Jakobsweg Schweiz

Der schweizer Jakobsweg führt über die Städt Einsiedeln, Luzern, Willisau, Fribourg, Romont, Lausanne und Genf. Er berührt wunderschöne Berglandschaften.

Einsiedeln

Von Innsbruck her betraten und betreten die Jakobspilger die Schweiz und treffen in Einsiedeln ein. Die Benediktinerabtei Einsiedeln war bis in das späte Mittelalter selbst ein bedeutendes Marienwallfahrtsziel. Das Kloster hat zwei Arkadengänge, die jenen des Petersplatzes in Rom nachempfunden sind. Sie leiten hinauf zur Abteikirche. Die kleine Gnadenkapelle befindet sich im Zentralraum und beinhaltet die Marienfigur.

Luzern

In Luzern, das auch nach der Reformation katholisch blieb, stand für die Pilger des Mittelalters ein Jakobsspital bereit. In unmittelbarer Nähe des Torturmes deer Stadtmauer befand sich zudem eine Jakobskapelle. Es gab eine Jakobsbruderschaft, die die Pilger betreute. In der Peterskapelle gab es einen Altar, der dem heiligen Jakob geweiht war.

Willisau

Die Gründung der Wallfahrtskapelle in Willisau soll einer Legende zufolge auf ein Wunder zurück führen. Ende des 14. Jahrhunderts soll ein Spieler nach mehrmaligem Verlust eines Spiels geflucht haben und seinen Dolch zum Himmel geworfen haben. Es fielen fünf Blutstropfen auf den Spieltisch und ließen sich nicht mehr entfernen. Die Bürger von Willisau errichteten daraufhin die Heiligblut-Kapelle. Da viele Pilger diese Kapelle besuchen, ist einer ihrer Altäre dem heiligen Jakob geweiht.

Fribourg

Fribourg ist das Zentrum des Katholizismus in der Schweiz. Die Pilger des Mittelalters kamen in die Johanniter-Niederlassung, die ein Spital vorhielt. Heute ist noch die gotische Kirche davon zu sehen.
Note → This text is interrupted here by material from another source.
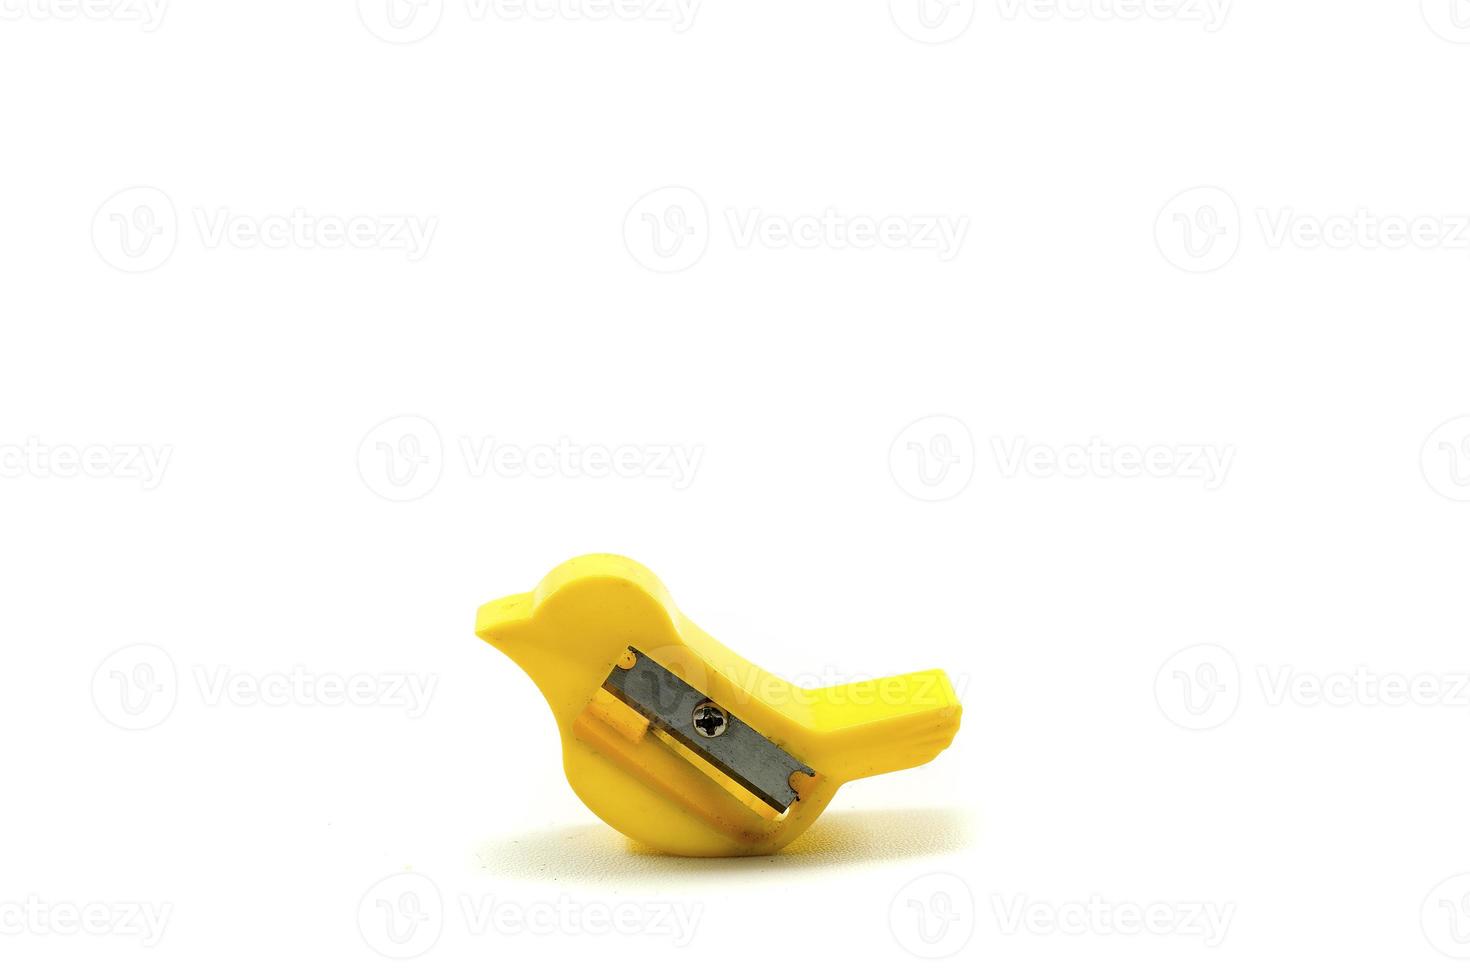 Einzigartiger gebrauchter gelber Bleistiftspitzer in Form eines Vogels isoliert auf Weiß foto
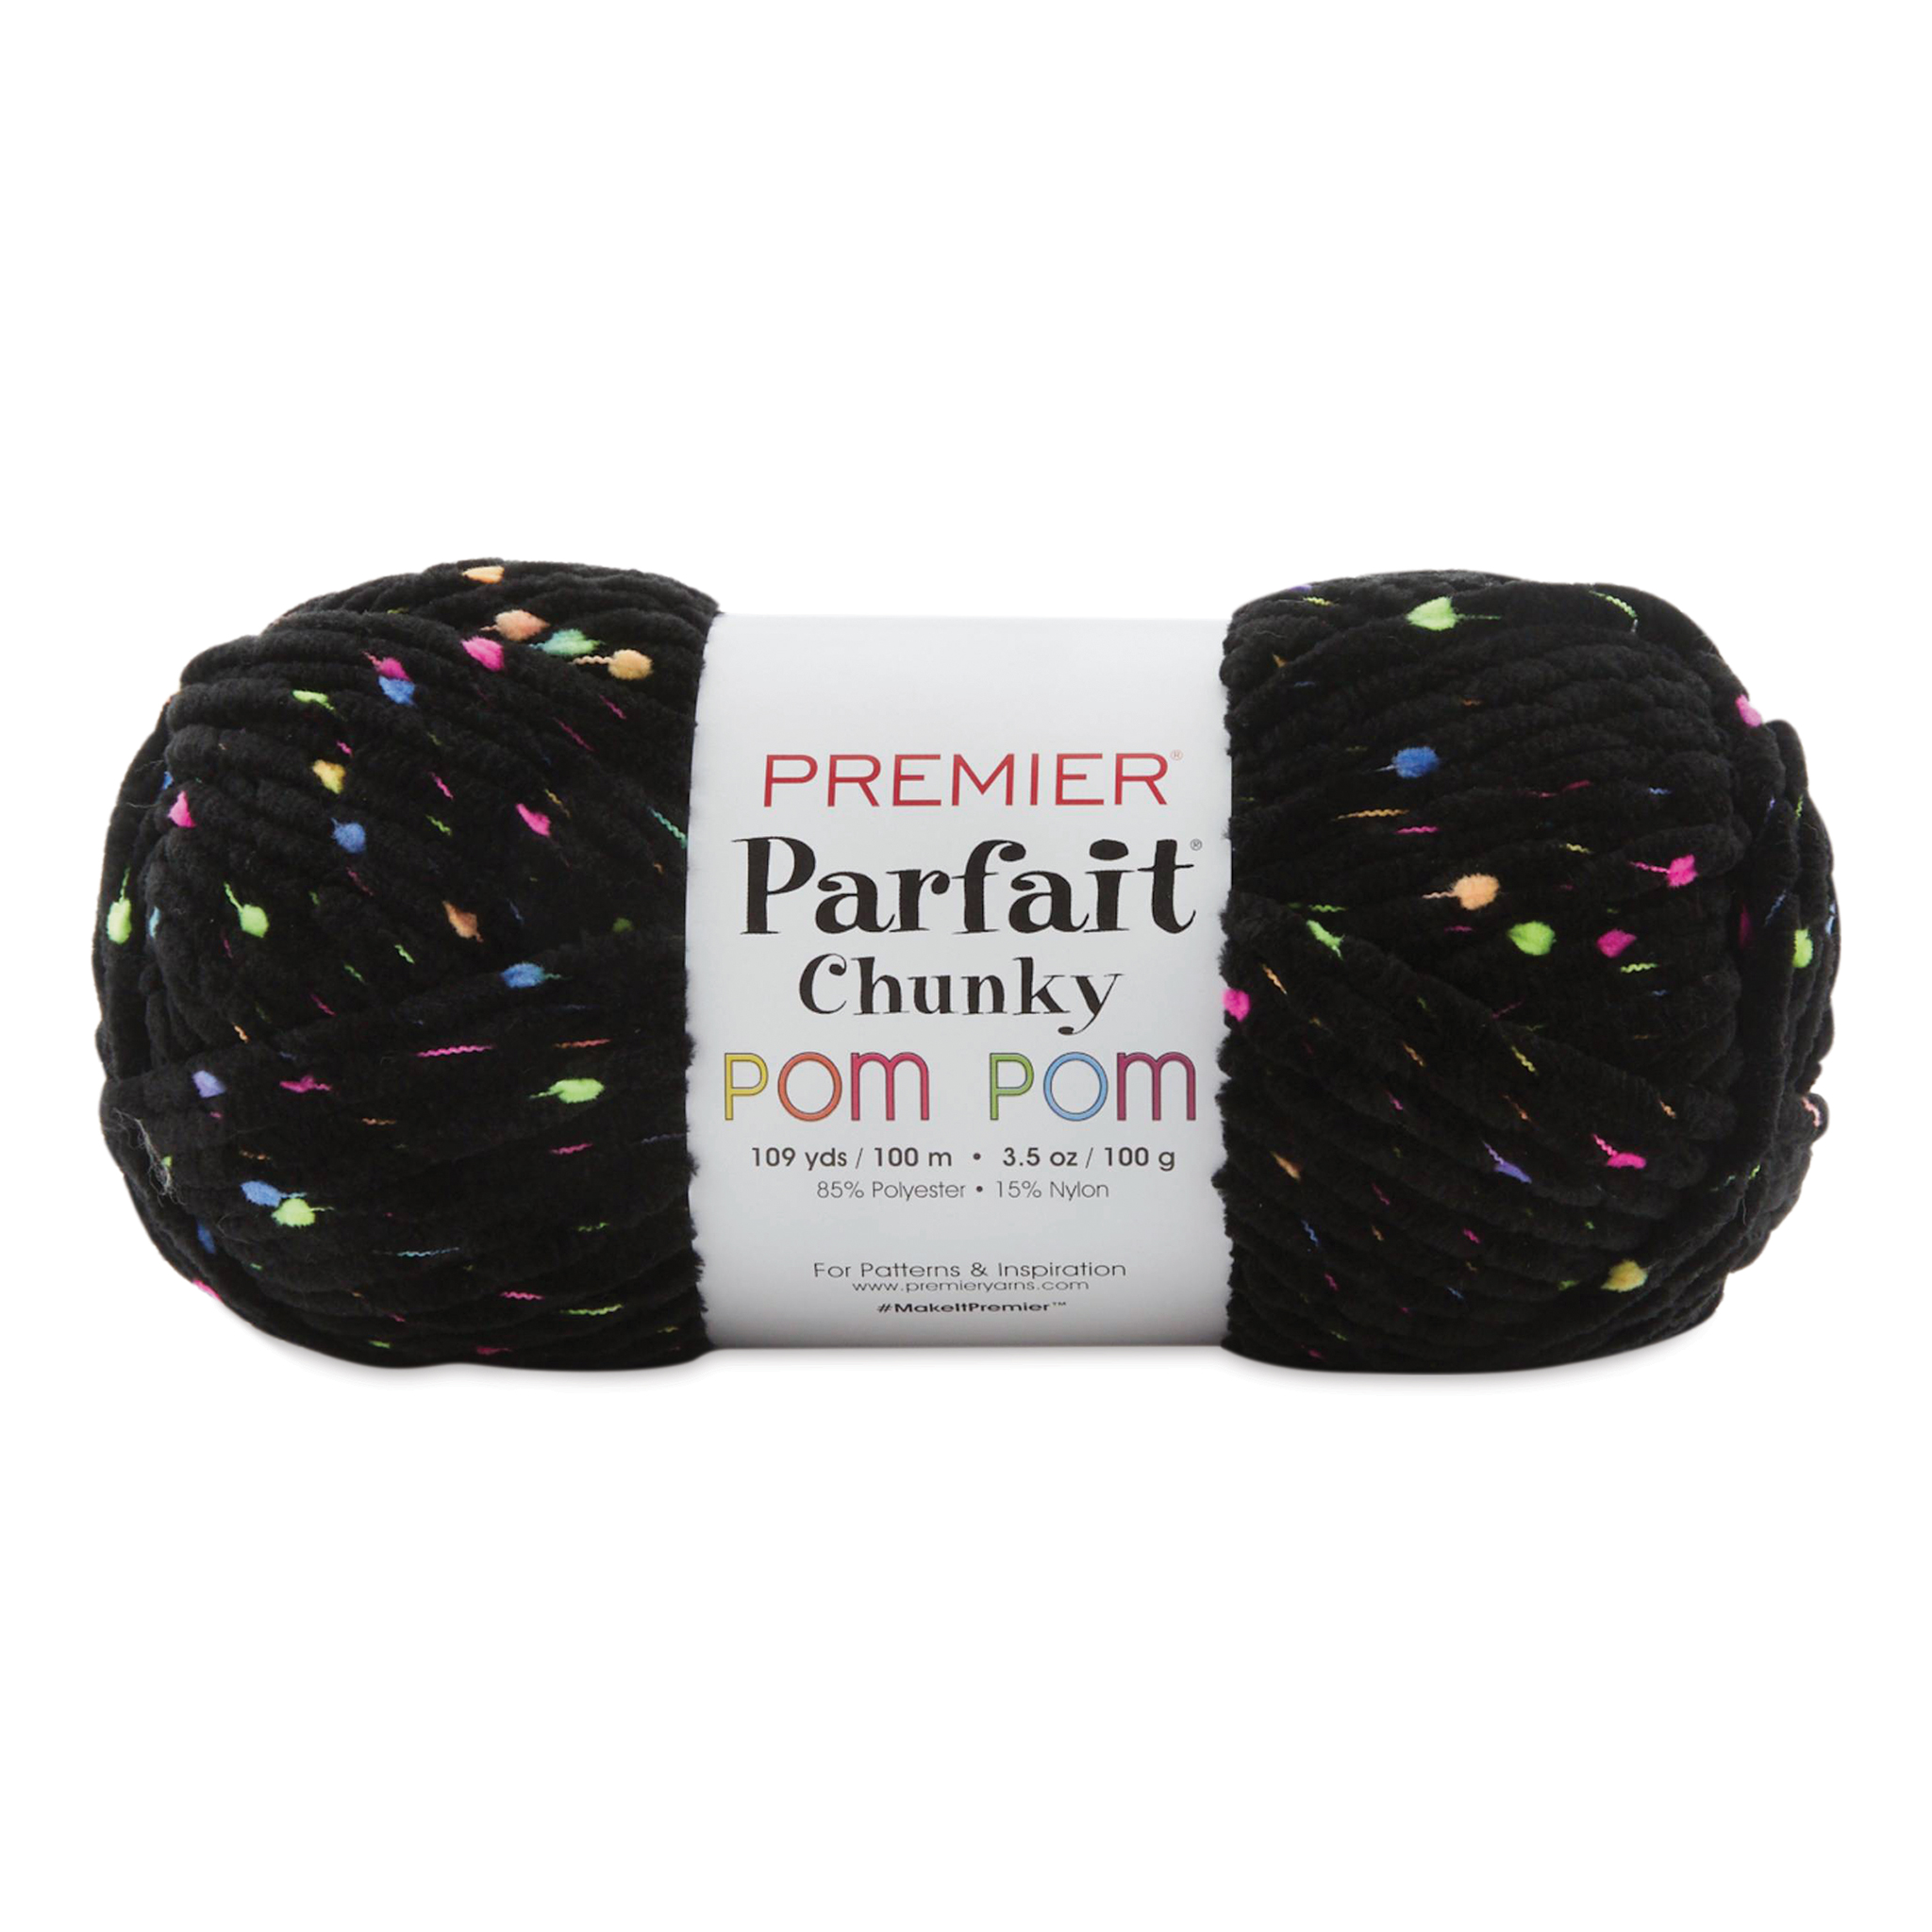 Premier Parfait Chunky POM POM Yarn, Pom Pom Parfait Yarn – ASA College:  Florida

Man kann eine Figur des heiligen Jakobus in der Rue de la Samaritaine betrachten.
Aber auch sonst ist Fribourg ein Erlebnis aus Kirchen und Klöstern mit der Nikolaus-Kathedrale auf einem Felsplateau als Zentrum.

Romont

Im Mittelalter gab es in Romont ein Jakobushospital und ein Marienhospital. Heute ziert ein modernes Pilgerrelief auf dem Jakobusplatz die mittelalterliche Stadt.

Lausanne

In Lausanne gab es im Mittelalter vier Hospitäler für die Pilger. Dem Domkapitel gehörten zwei. Mit dem Bildersturm der Calvinisten im Jahr 1536 endete die Epoche der Pilgerei samt dem Bistum. Auch die frühgotische Kathedrale wurde durch dieses Ereignis ihrem Inventar beraubt.

Genf

Auch in Genf sind nicht mehr viele Überbleibsel der Pilgerepoche vorhanden. Denn der Reformator Calvin lebte in Genf. der Bildersturm brandete auch auf die Kathedrale Saint-Pierre. Heute findet man dort lediglich noch ein spätgotisches Fenster, auf dem der heilige Jakob als Pilger zu sehen ist.